I encountered strong discrepancies between software calculation, engineering calculation systems (on paper) and reality.
Holcomb, I think it was not in vain that he complained about solving problems with reactance, when controlling the operation of magnets. I also encountered this.
Sincerely.

Hi Rakarskiy,

These "discrepancies" stem from the difference between Analytics (math formulas) and Numerics (CAE computer methods).

When professional CAE analyzes a 2D or 3D device (circuit) the CAD (Computer Aided Design) model is broken down into a huge
number of "Tetrahedra" - a.k.a. a "Mesh." A finer mesh (larger number of tetrahedra) gives a more accurate analysis but also takes
a longer time to compute.

This "mesh" engulfs the entire model, including the surrounding air or vacuum, with each type of element (air, copper, metal, etc.)
seperated by a "boundry" which accounts for the "boundry conditions" (e.g. air-copper interface and so forth). When the model's
"mesh" is solved using Maxwell's Equations (usually a matrix) all of the models characteristics, including shapes, materials and
proximities, ensure an accurate solution. 

Analytic (mathematical formulas) calculations would be near impossible to do accurately for even a modest complex device. 

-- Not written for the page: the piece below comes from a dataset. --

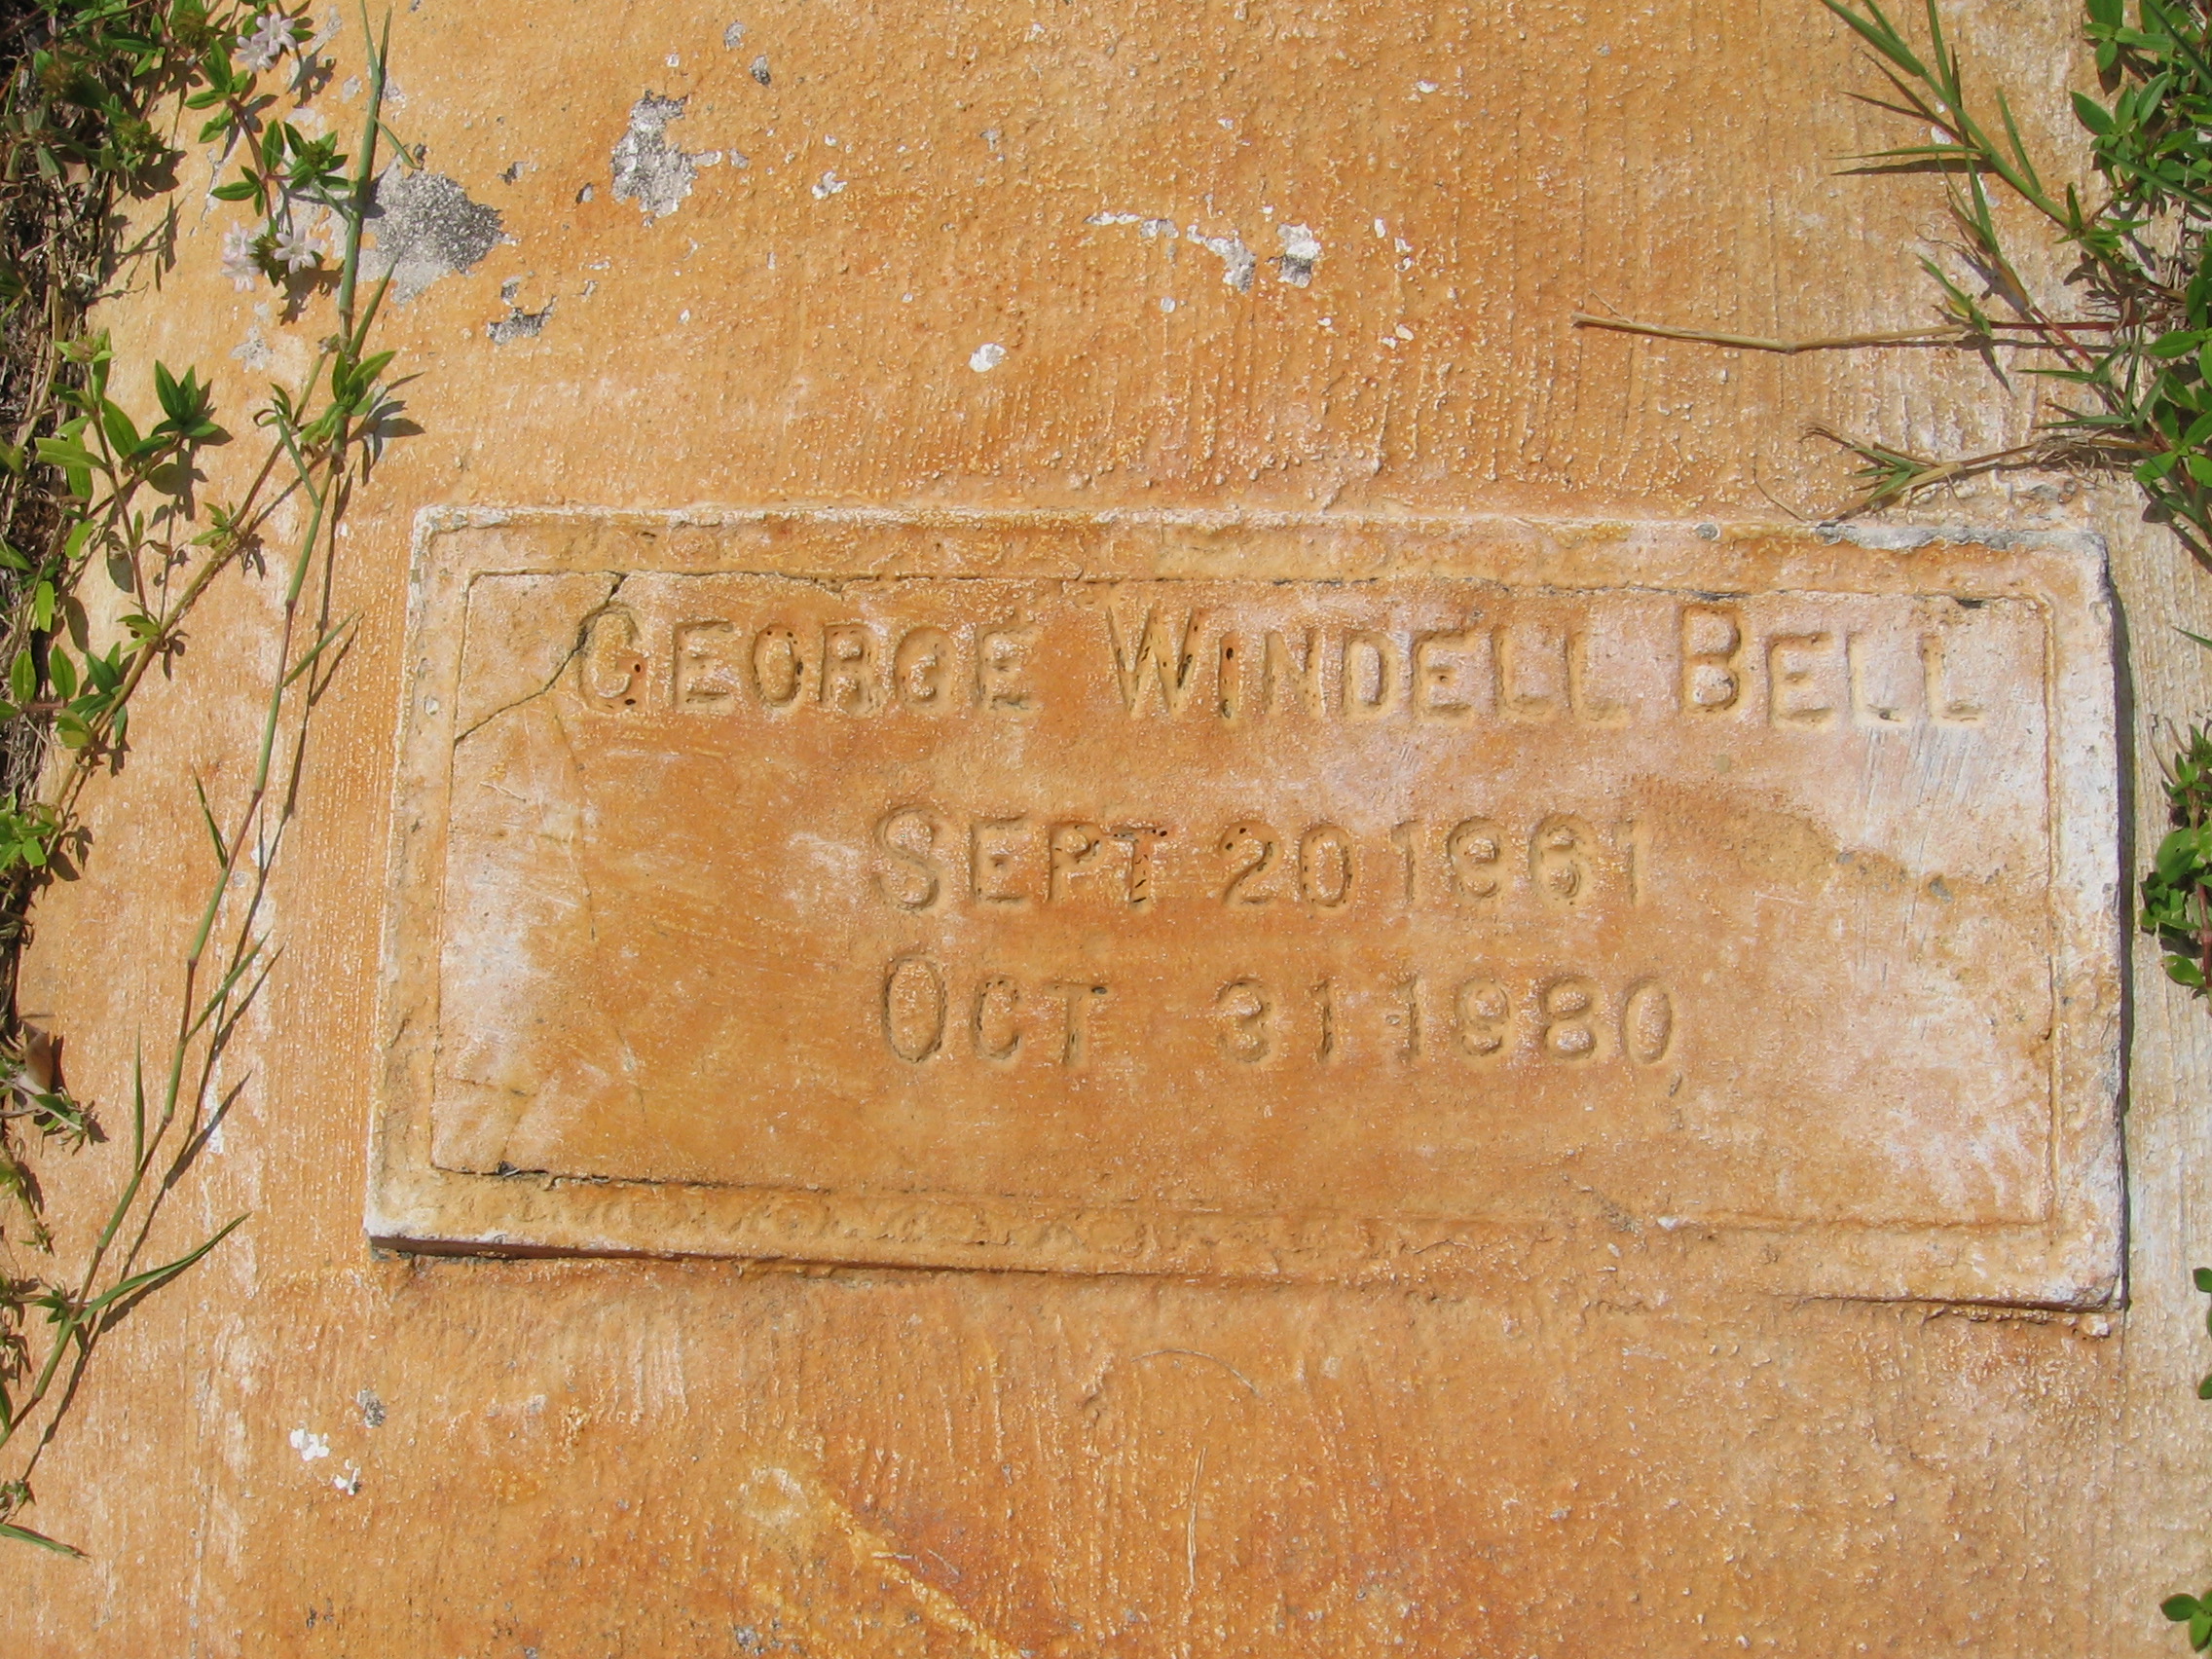 George Windell Bell

For example, a distributed planar microwave layout can be analytically calculated pretty accurately but even a relatively simple
lumped element circuit (inductor, capacitor and circuit traces) can have widely varying results when done analytically. Numeric CAE
analysis of the same circuit can achieve a near exact solution (depending on mesh size) with respect to measured data.

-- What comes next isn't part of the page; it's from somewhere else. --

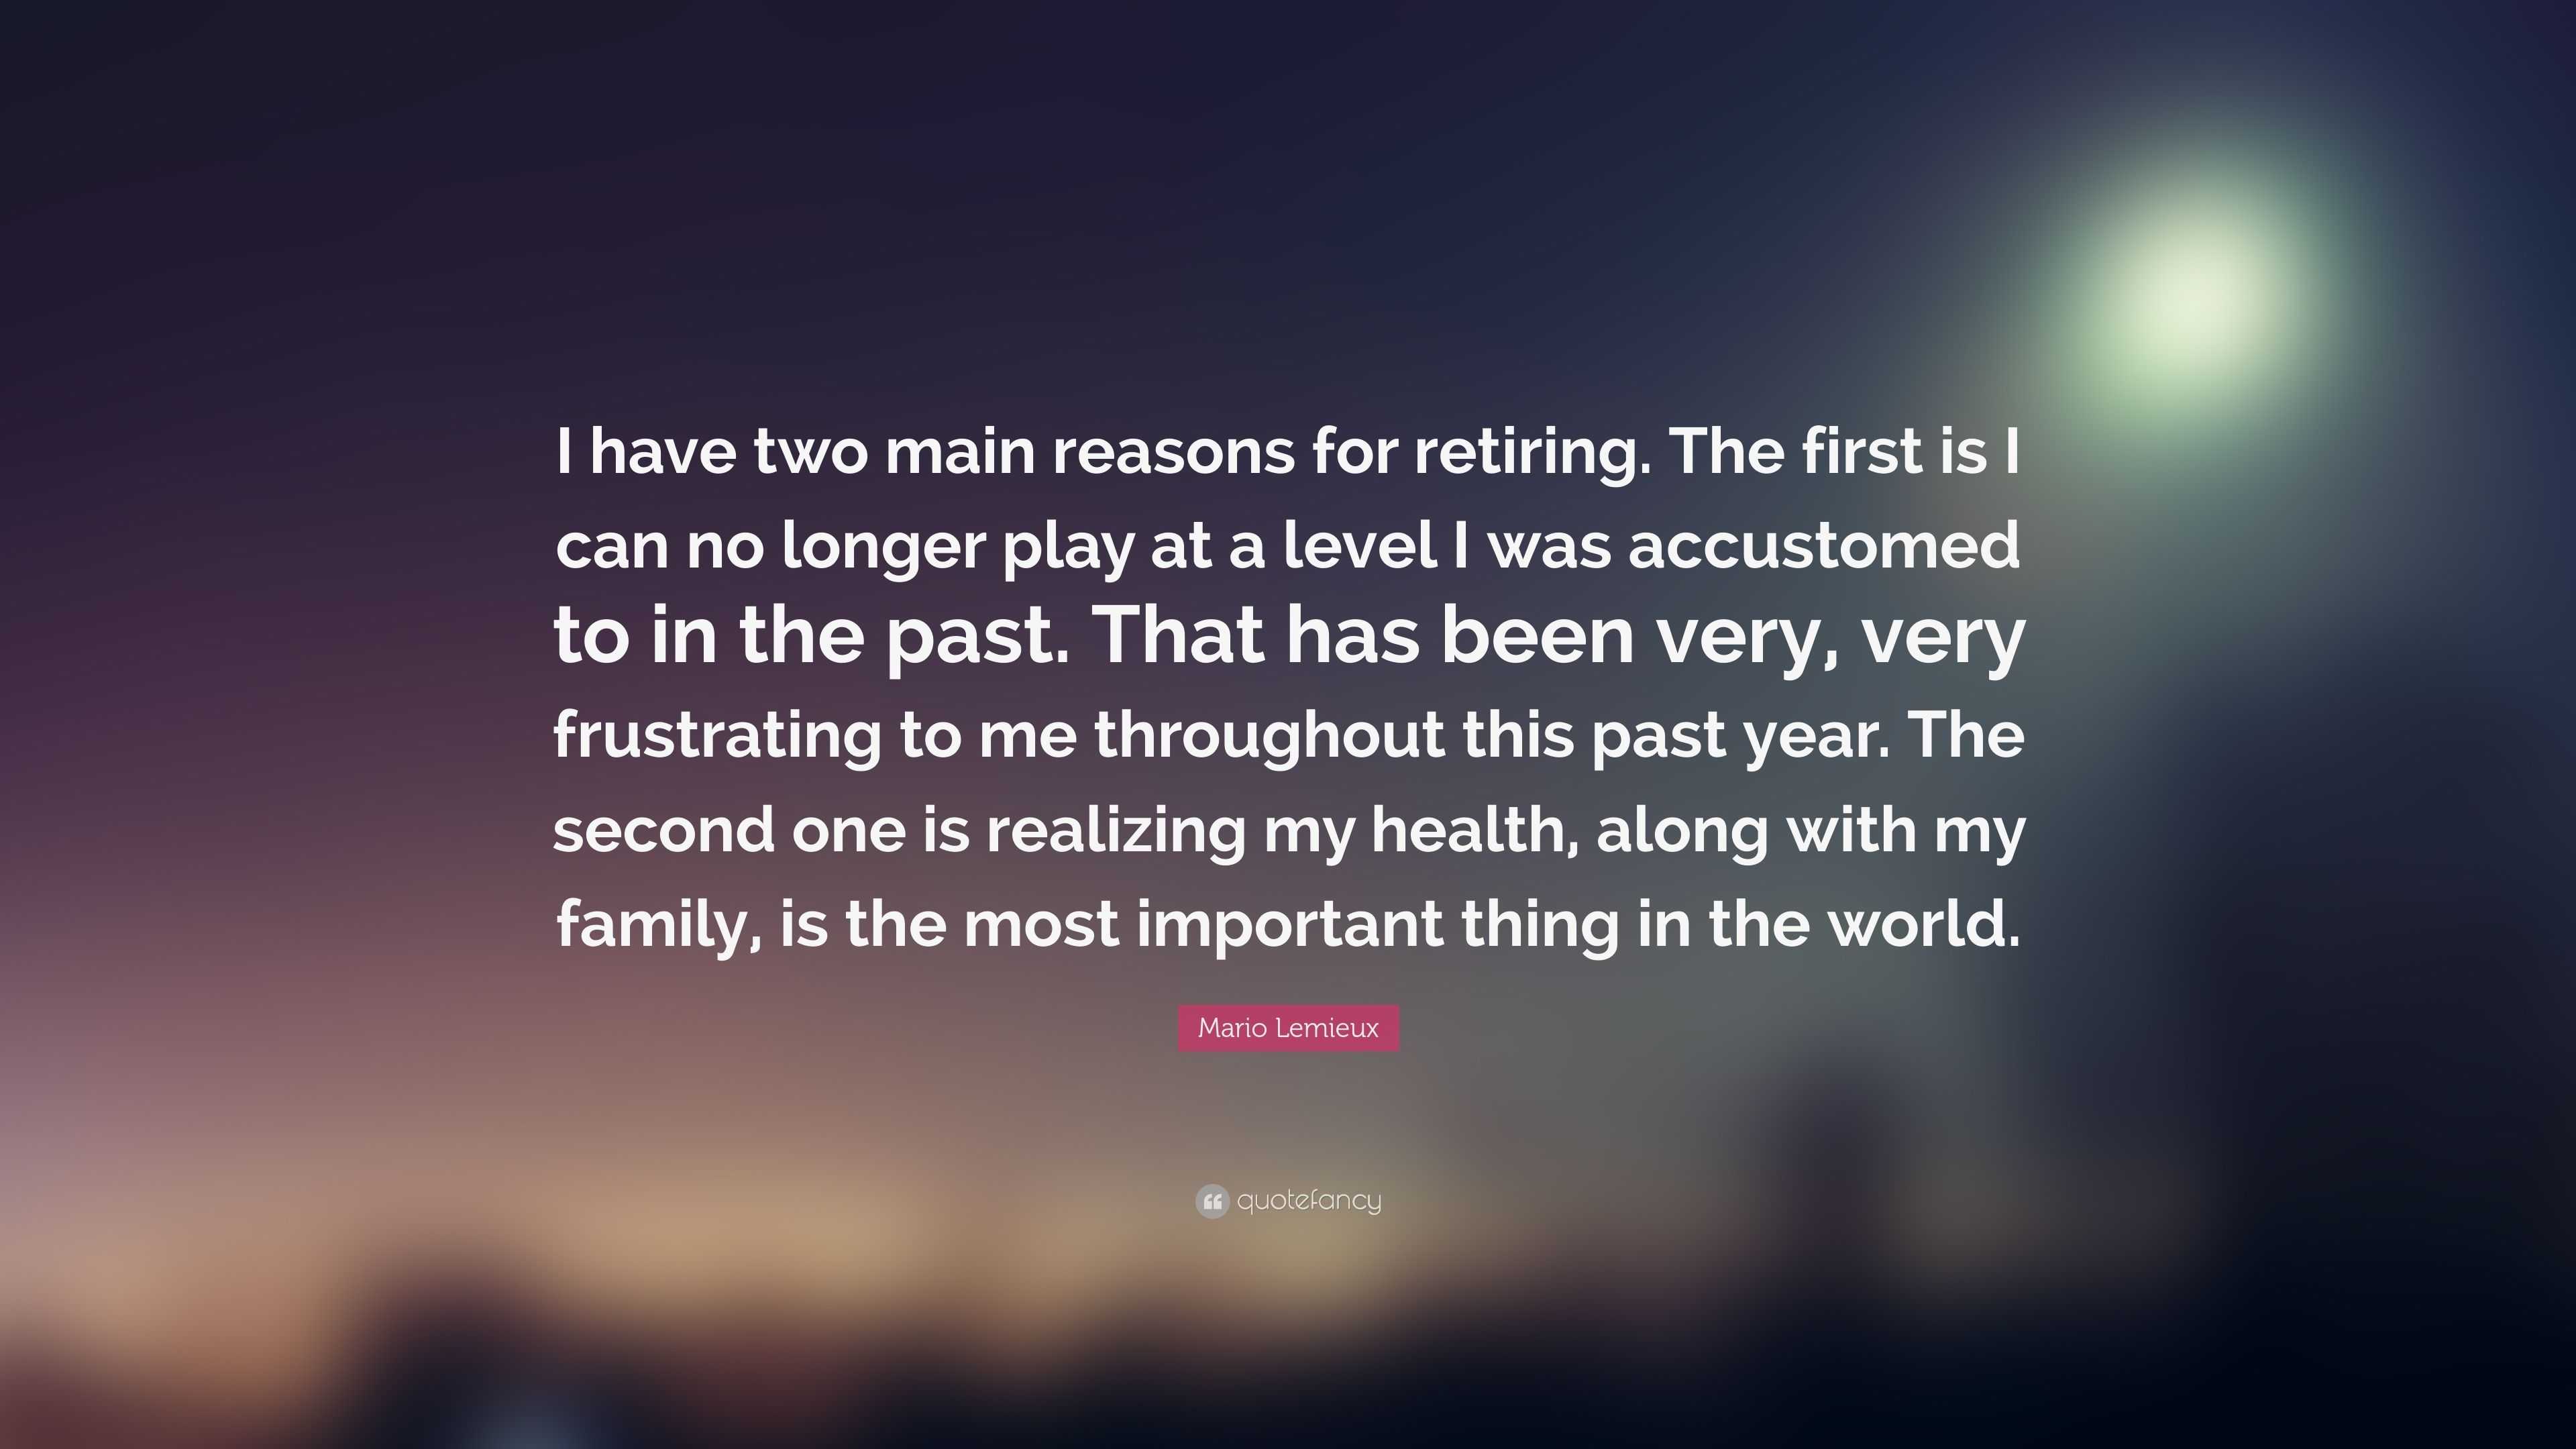 Mario Lemieux Quote: "I have two main reasons for retiring. The first is I can no longer play at ...

This applies equally well to Electric and Magnetic fields in air or vacuum. 

It's rare that I have ever seen more than a 5% (usually <1%) discrepency between CAE and Measured results. Of course the model
has to be correct and the analysis set up properly with a fine mesh and small time steps!

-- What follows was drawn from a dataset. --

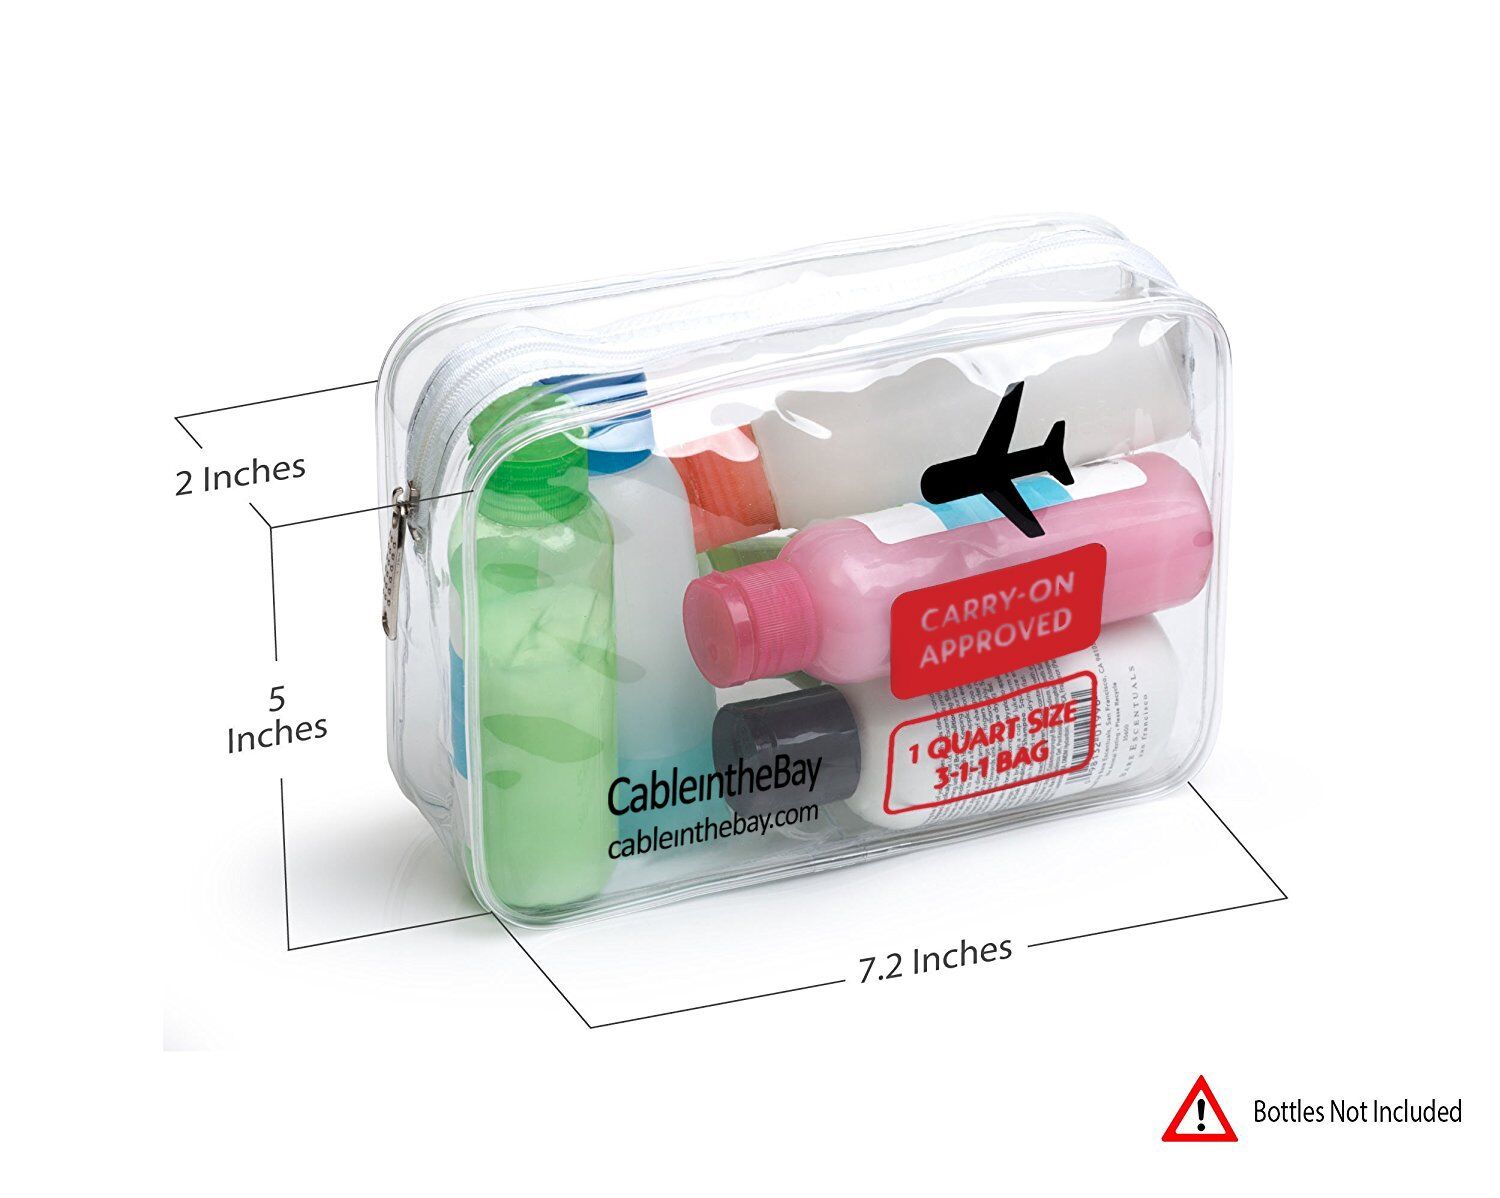 The TSA Approved Quart Size Bag Dimensions: Exactly How Big Can Your  Toiletry Liquids Bag Be?

As a bonus, for us at least, is Maxwell's Equations do not care whether the model is over unity (agnostic to conservation of energy)
- these simply give you the solved results with a variety of convient visuals, animations , graphs, charts and numbers. It's also quite
easy to vary any number of circuit parameters and observe what happens or to optimize the design. 

Non-linear characteristics of things such as the SMC ferromagnetic material's B-H Curve can also be taken into account insitu.

This is extremely important (critical) when developing an Excess Energy device.

SL 

[rakarskiy]

Dear  SolarLab!

I know what multi-way analytical calculations are, besides, at one time I was a developer of complex economic systems, where data collection was formed according to specified criteria.
I also do engineering calculations. My practice has always been based on repeatability and prediction. I adopted various calculation methods, while my methodology significantly reduced the material investment as for design.

If I say something, I know for sure. The magnetic circuit, you can very accurately calculate in dynamics, but this does not mean that you can quite accurately calculate the dimensionality of the EMF.
I will surprise you, but the EMF guidance system in the wire is very different from the one that is taught based on formula (1) [E=BLV] and the one that works in a generator and a transformer with a core, the so-called engineering transformer formula (2) [E=4.44kФNf].
I already know exactly how the static system of a transformer and a mechanical generator differ. Why Dr. Holcomb went by simulating the mechanical rotation of the magnetic poles in saturation in the stator core. The problem is solved more simply in a mechanical generator. A little more complicated with the switchable magnet system. And it's very difficult in the static system that I'm working on. By the way, I found a mistake in my modeling and got closer to a larger reality. It remains for me to check the controller system. It is definitely clear that there are two magnetic fields. There is a field in the core which is already independent. In a mechanical generator, it is enough to excite it to the maximum, taking into account the excitation source and phase current, and mechanically rotate it. In the system which I am working on, turning the flow through zero is not such an easy task as it turned out, and the first data simply baffled me.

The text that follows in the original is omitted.